Rajah & Tann Singapore, member firm of Rajah & Tann Asia, has advised leading SaaS platform on its sale of business and assets to Canadian-listed WeCommerce Holdings for up to US$110 million. Partners Terence Quek and Lee Jin Rui led the firm’s team in the transaction.

Rajah & Tann Singapore, member firm of Rajah & Tann Asia, has also acted on the S$142 million (US$17m) acquisition of the entire issued and paid-up share capital in a special purpose vehicle, which holds a high specification light industrial building along Admiralty Street, Singapore. The industrial building, known as Admirax, is situated on a site with 60-year leasehold tenure. Admirax is zoned Business 1 under the 2019 Master Plan and has a net lettable area of approximately 469,000 square feet. Partners Norman Ho, Tan Chon Beng and Cindy Quek led the firm’s team in the transaction.

Squire Patton Boggs has advised China Merchants Shekou Industrial Zone Holdings on its joint venture with Viking Cruises to establish China’s first Chinese-flagged luxury cruise company, China Merchants Viking Cruises. The deal also involved the sale and purchase by the JV entity of a cruise ship, MV “Viking Sun®”, which will become the first vessel in the Chinese-flagged premium cruise fleet offering cultural coastal cruises in the region. The transaction and unique partnership will play a part in the wider strategy of the JV entity to drive and develop China’s high-end domestic coastal cruise market by offering dedicated experiences to the Chinese market. Financial services partner Kate Sherrard and corporate partner Nicholas Chan led the firm’s team in the transaction.

WongPartnership has acted for the Attorney-General on successfully resisting pre-action discovery applications brought by 22 death-row inmates. Deputy chairman Tan Chee Meng and partner Lionel Leo led the firm’s team in the transaction.

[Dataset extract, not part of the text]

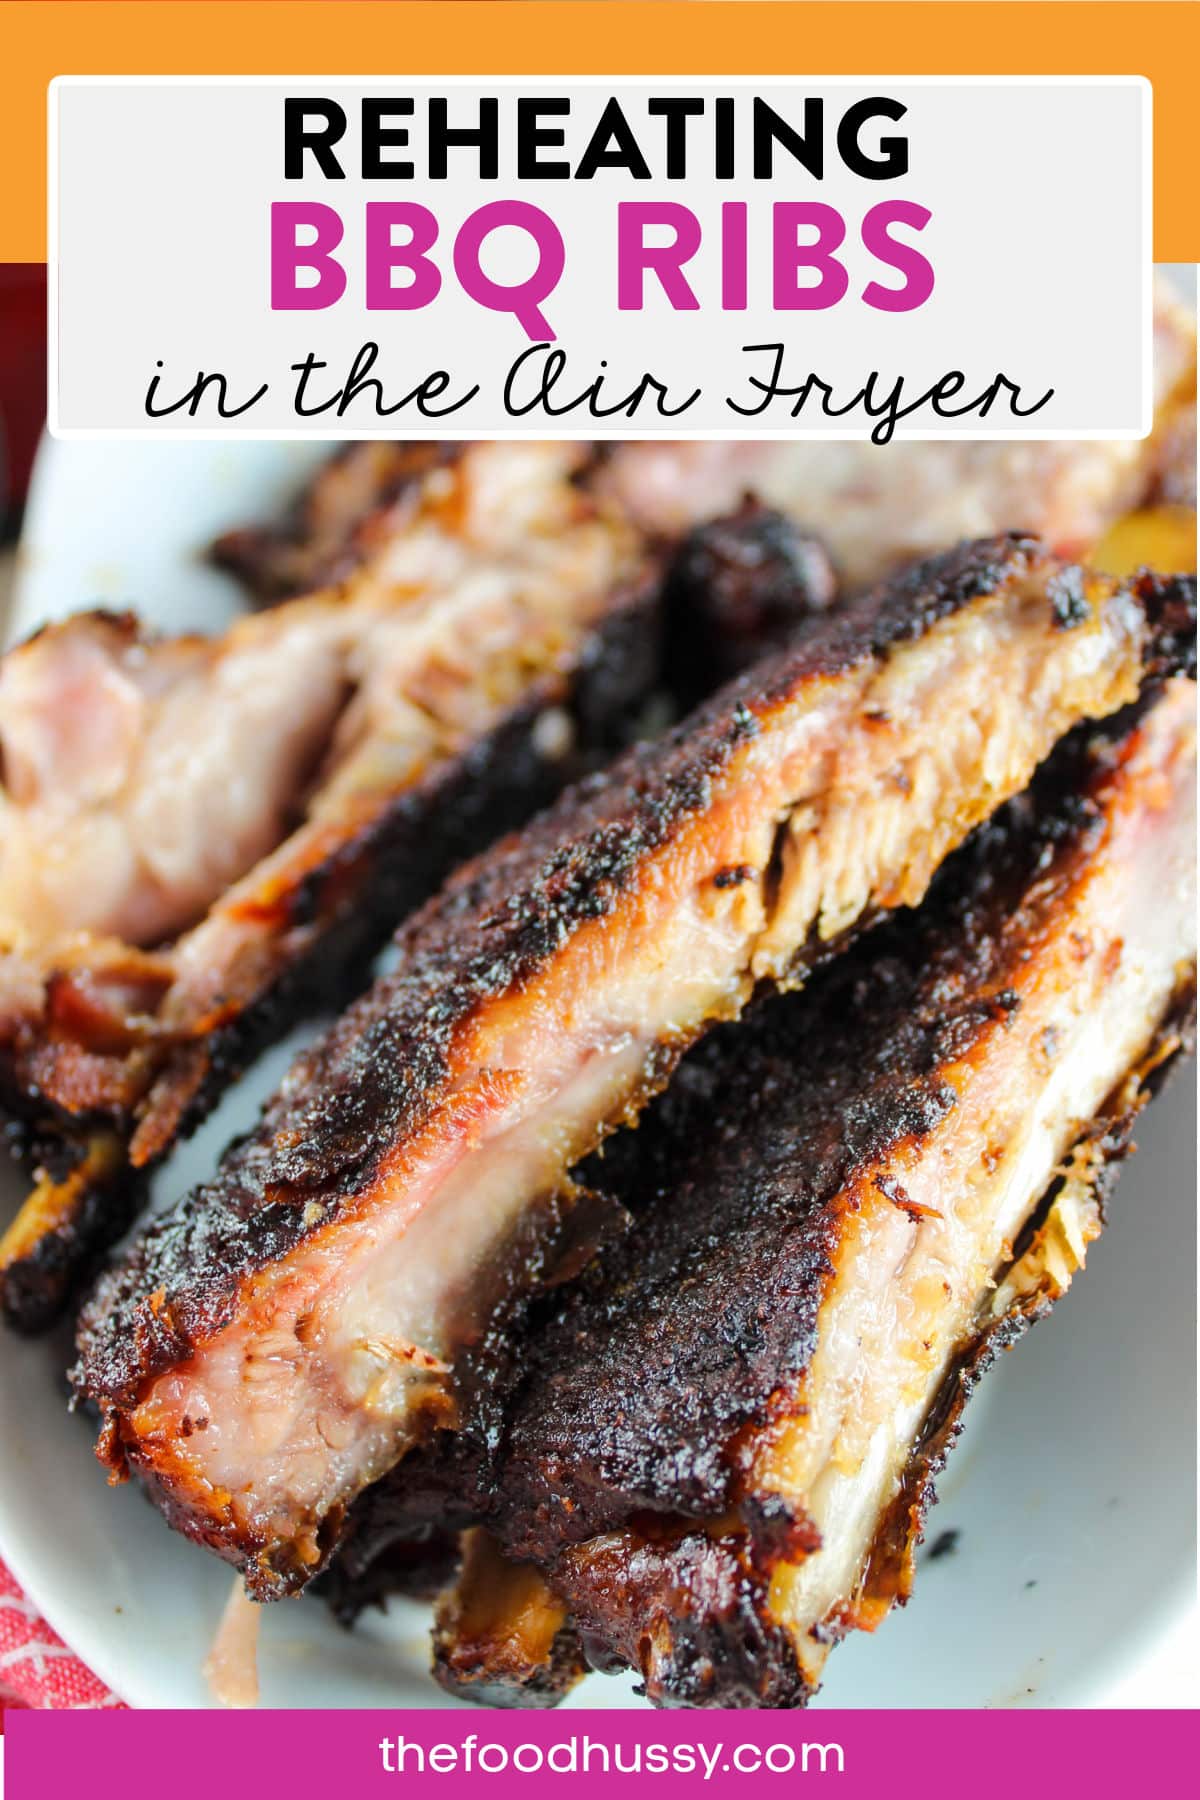 Reheating ribs in the air fryer is an easy way to get dinner on the table quickly! Leftover ribs can easily dry out but the air fryer helps the process so they have all the flavor the second time around.
 via @foodhussy

WongPartnership has also acted for Jurong Port and two other shareholders of Universal Terminals on the financing obtained for the acquisition of the assets of Universal Terminals, with the net effect of Jurong Port acquiring 41 percent stake in Universal Terminals from Hin Leong’s Lim family. Partner Alvin Chia led the firm’s team in the transaction, together with partner Tan Teck Howe.

WongPartnership has acted for ESR-REIT on the S$320 million (US$241m) syndicated financing arranged by UOB, Malayan Banking (Singapore), RHB Bank and HSBC. Partner Christy Lim led the firm’s team in the transaction.

WongPartnership has also acted for Crédit Agricole Corporate and Investment Bank on the grant of the S$48 million (US$36m) green loan facilities to Tuas West Drive, in connection with the development of LOGOS Food21, located at 21 Tuas West Drive. Partners Susan Wong and Bernadette Tan led the firm’s team in the transaction, together with partners Dorothy Marie Ng and Serene Soh.